On the Pursuit of My Mother’s Agency: Her Responsibilization for Eldercare and My Ph.D. As a Daughter’s Duty
This study aims to demystify the power relations within my extended family and hometown community that responsibilized my mother for caring for her mother-in-law for 17 years, thereby uncovering the unseen consequences of her care labor and the process that ultimately led to her stomach cancer diagnosis. Drawing on autoethnography, it focuses on my memories presented in twentyish sequences showcasing my life with my mother as I recalled it, to explore the following questions: (1) What prompted my mother to assume greater caregiving responsibilities for my paternal grandmother than other family members? (2) How can her agency in caregiving be situated within a broader framework of the Turkish familialist welfare system?

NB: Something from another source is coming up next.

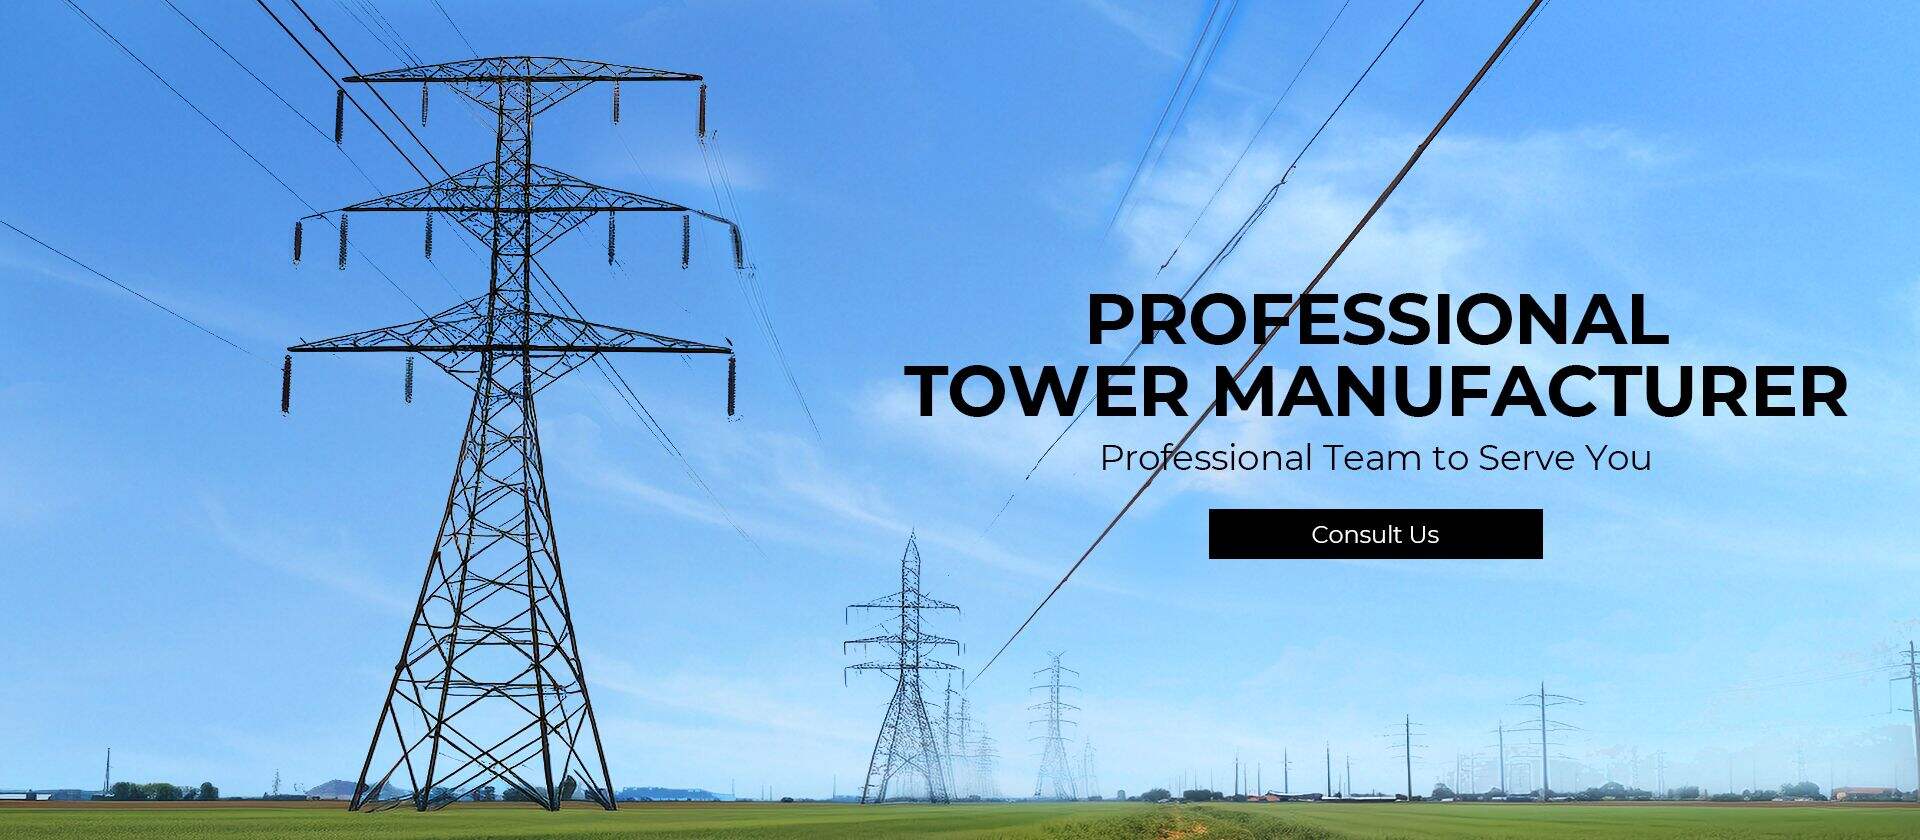 Xinhang Tower Technology Co, Ltd.

Firstly, this study argues that women in extended families do not engage in caregiving at the same level, nor do they all share an equal sense of responsibility. Secondly, various forms of capital—such as beauty, love, class, and cultural capital—held by women and daughters-in-law within an extended family can significantly shape their bargaining strategies regarding caregiving responsibilities. Within this framework, the article highlights the correlation between the stigmatization of my mother based on others' perceptions of her un-beauty and her ‘perfect’ performance in caregiving. It also aims to uncover her agency in this process. Throughout this analysis, I discovered that my mother’s ‘self-sacrifice’ might be partially preferred as a response to the lack of a right-based approach in the welfare system, which compels older people to bear the consequences of their families’ caregiving strategies and conflicts. I am confident that my mother preferred a decent life for my grandmother on behalf of other family members, the community, and the state.